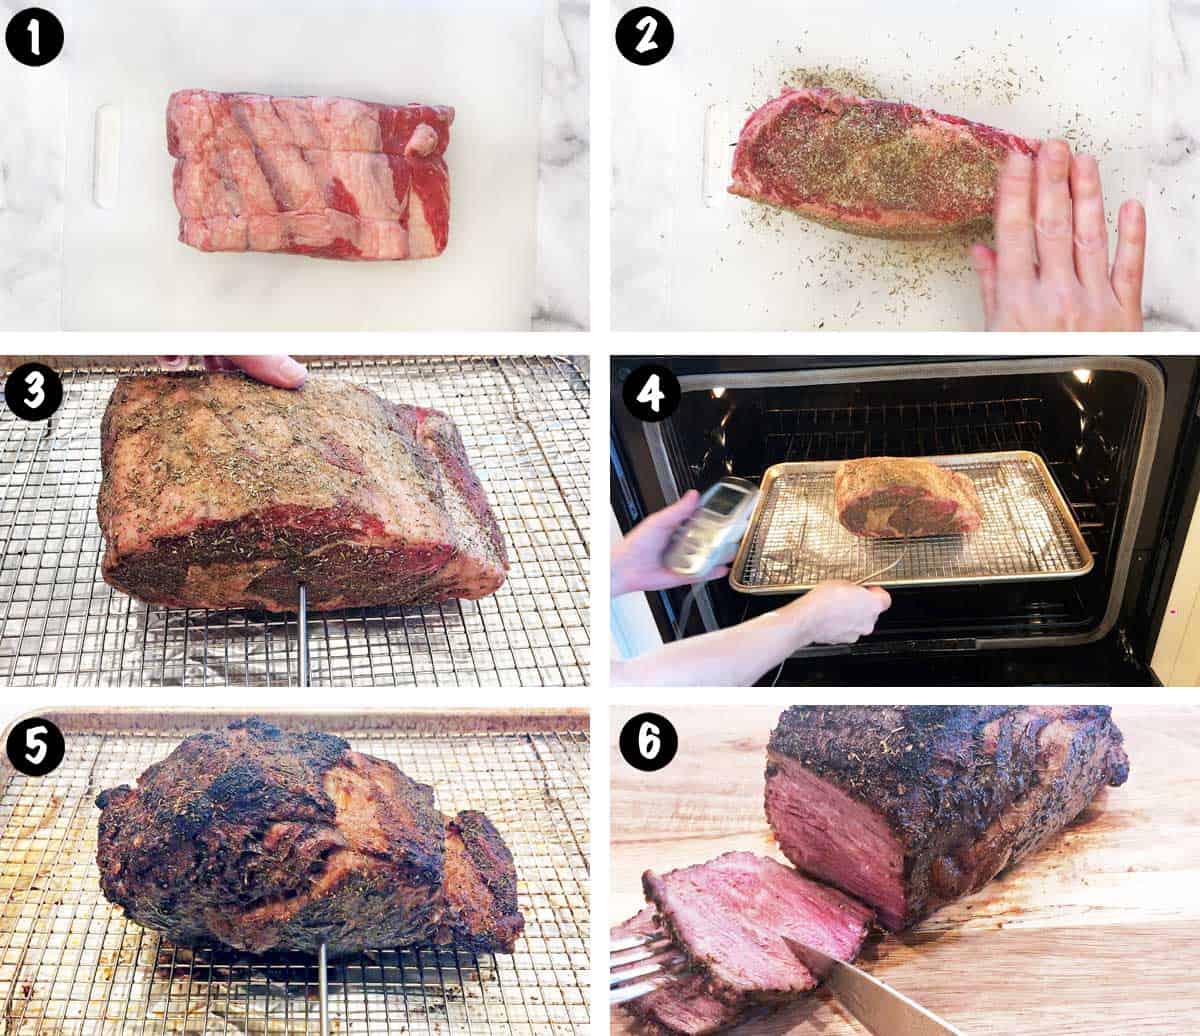 A six-photo collage showing the steps for cooking a ribeye roast. 
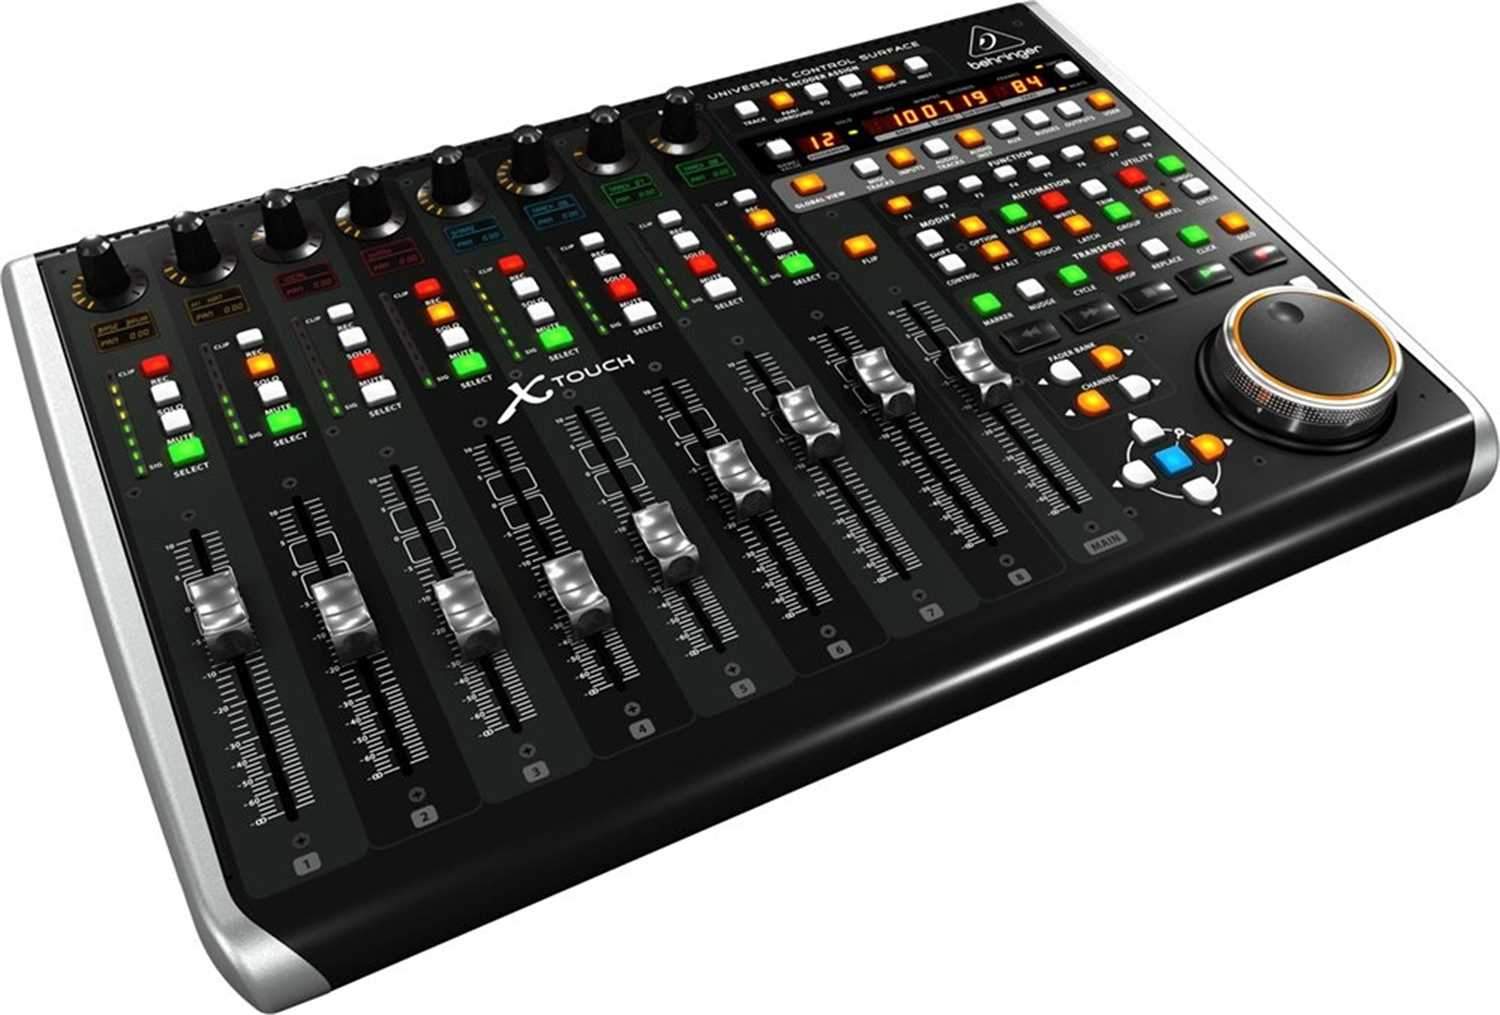 Behringer X-Touch USB Control Surface with X-Touch Extender - PSSL ProSound and Stage Lighting
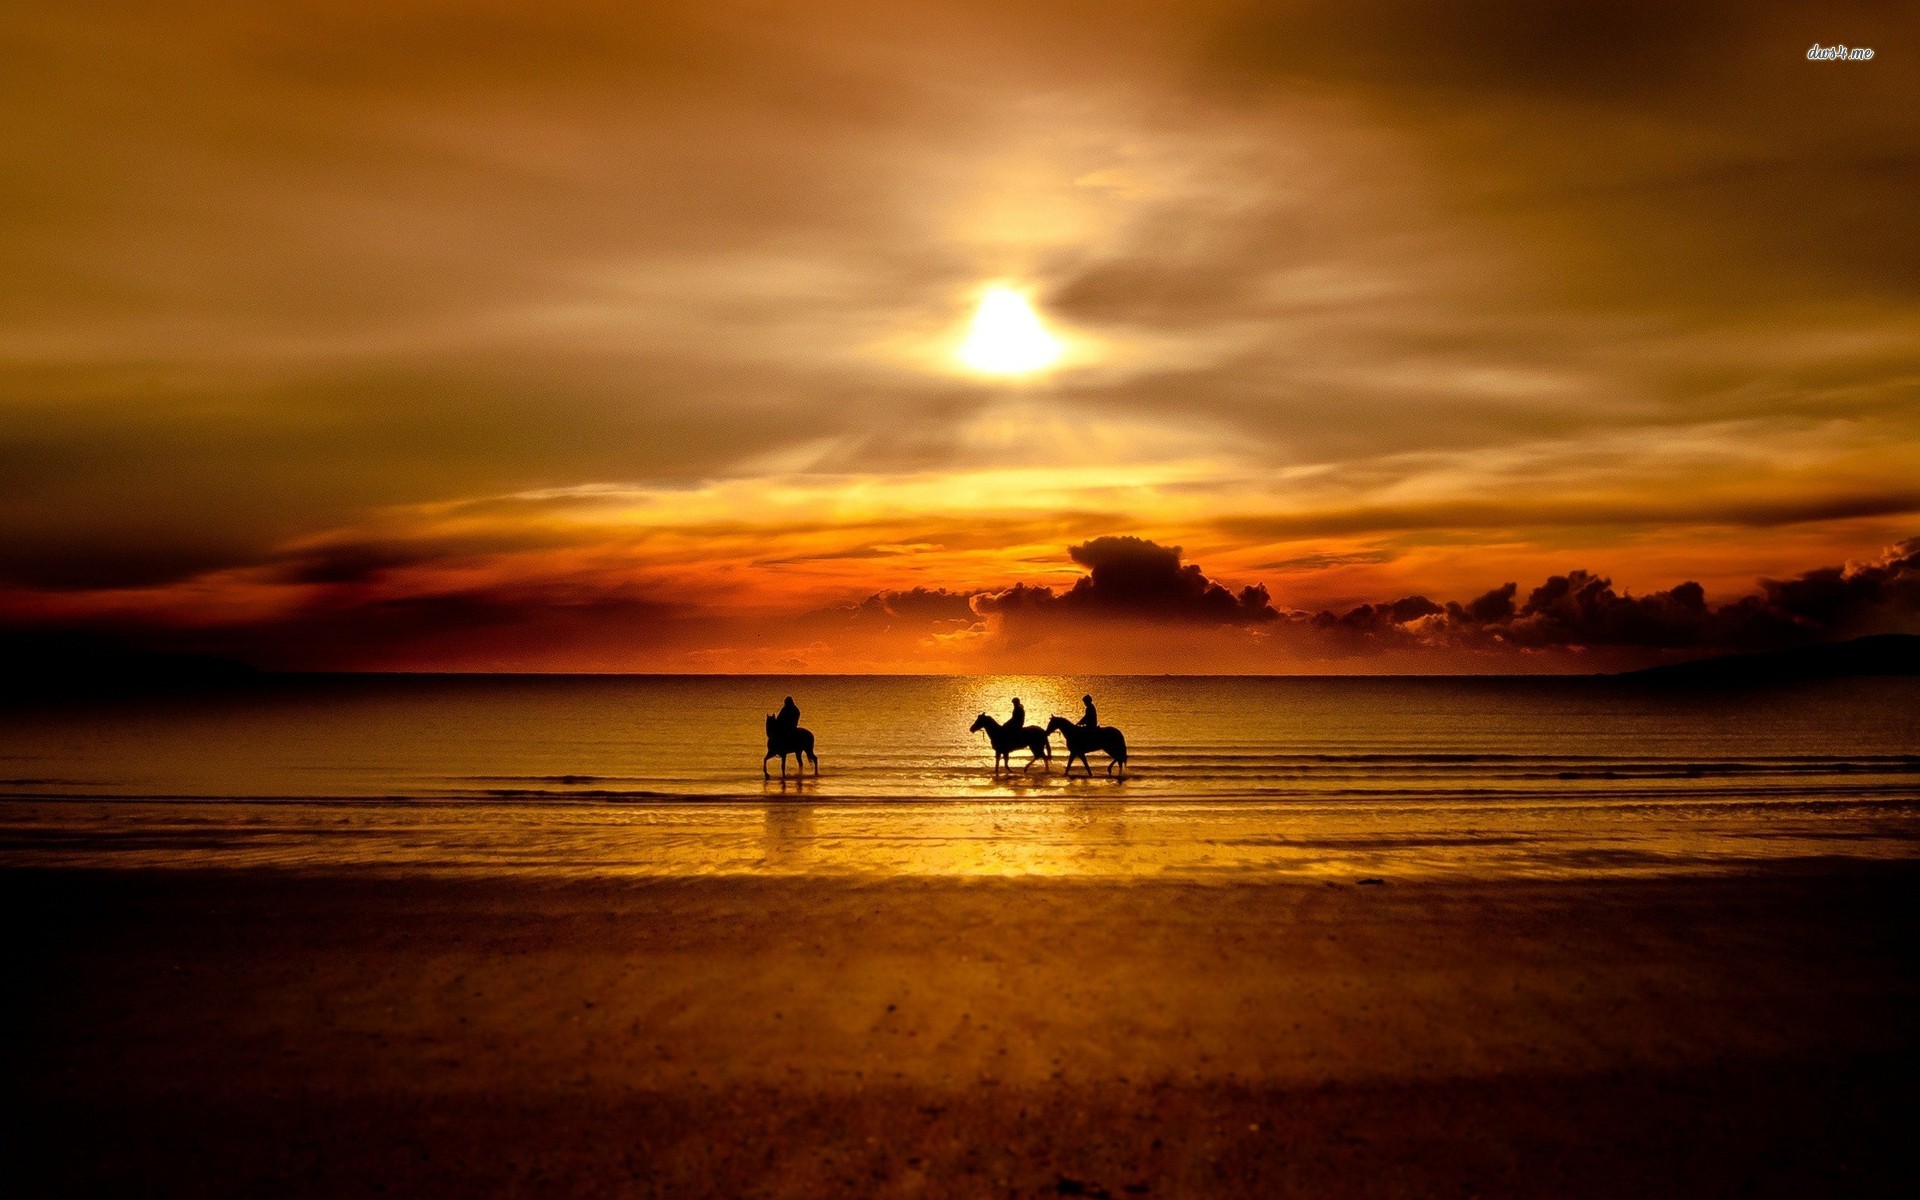 Horseback Riding in The Sunset Wallpaper Beach Wallpapers 1920x1200px
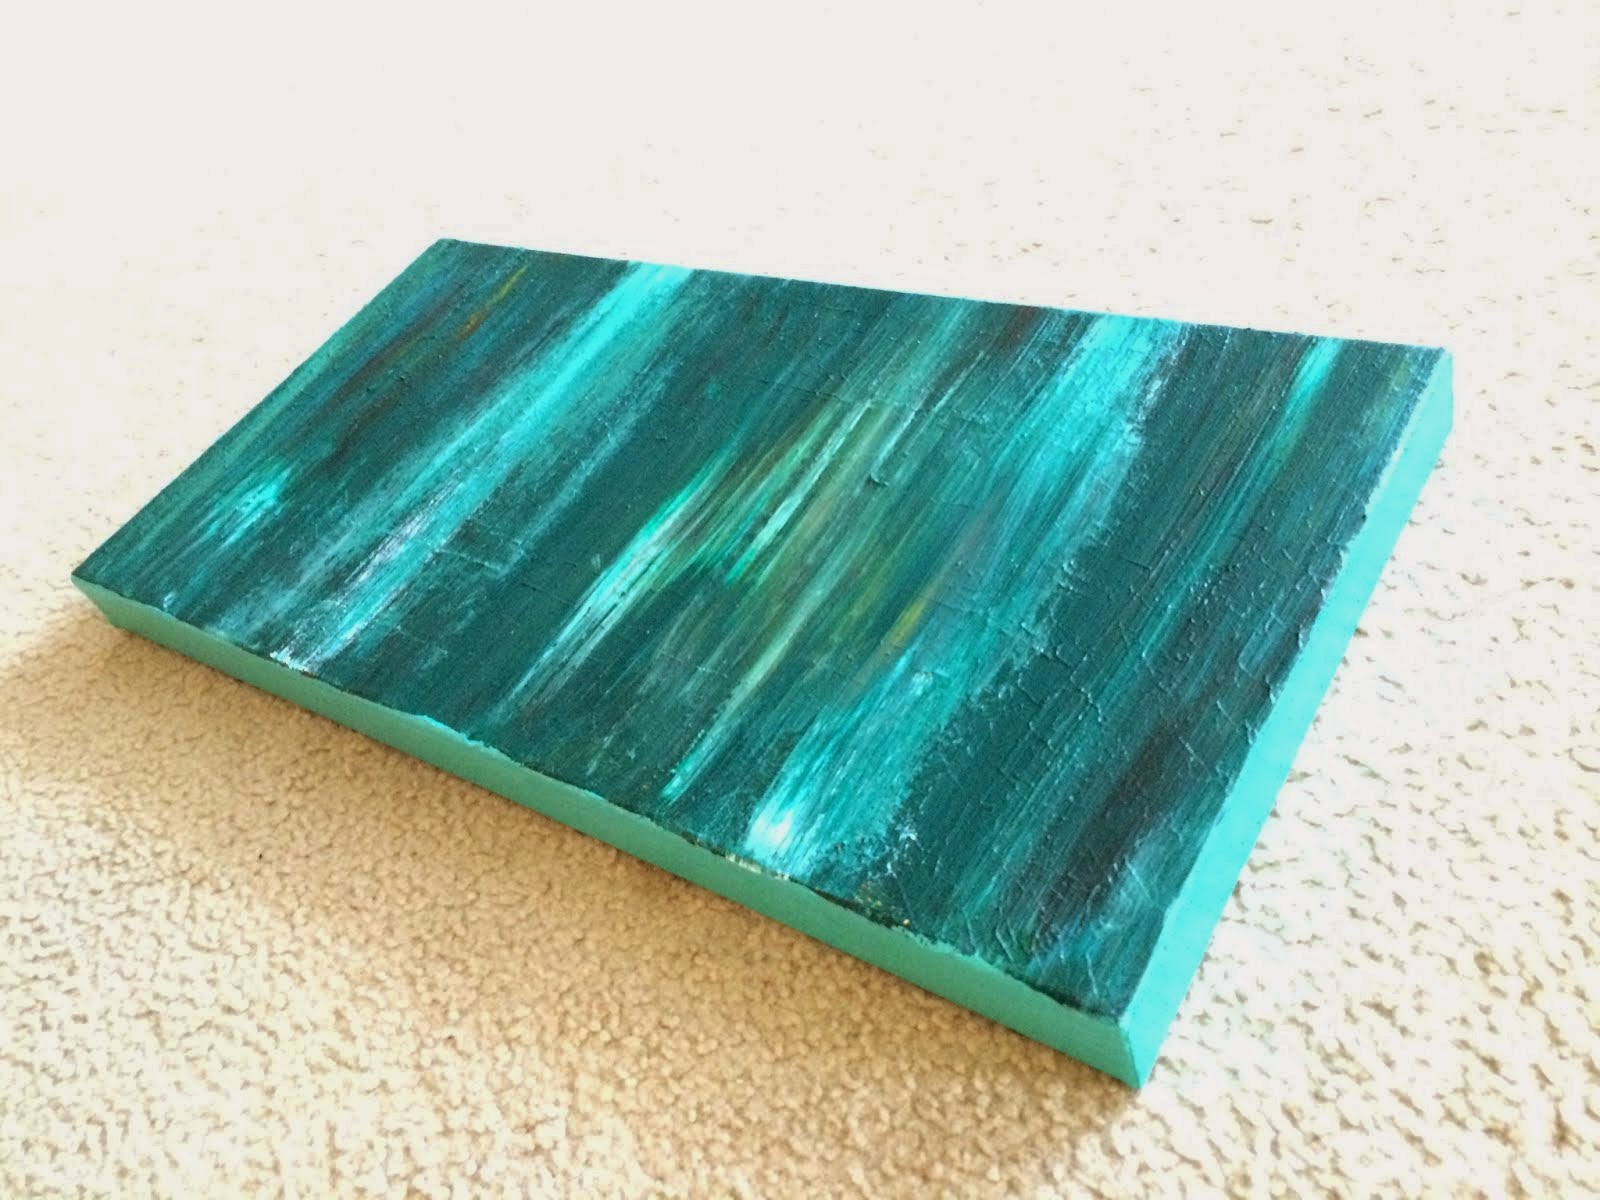 Abstract Turquoise

---

▶ _WHAT IS REQUIRED_:
Repeat the material exactly. Skip the images.

▶ _ANSWER TO THE EXERCISE_:
 A six-photo collage showing the steps for cooking a ribeye roast. 
 Behringer X-Touch USB Control Surface with X-Touch Extender - PSSL ProSound and Stage Lighting
 Horseback Riding in The Sunset Wallpaper Beach Wallpapers 1920x1200px
 Abstract Turquoise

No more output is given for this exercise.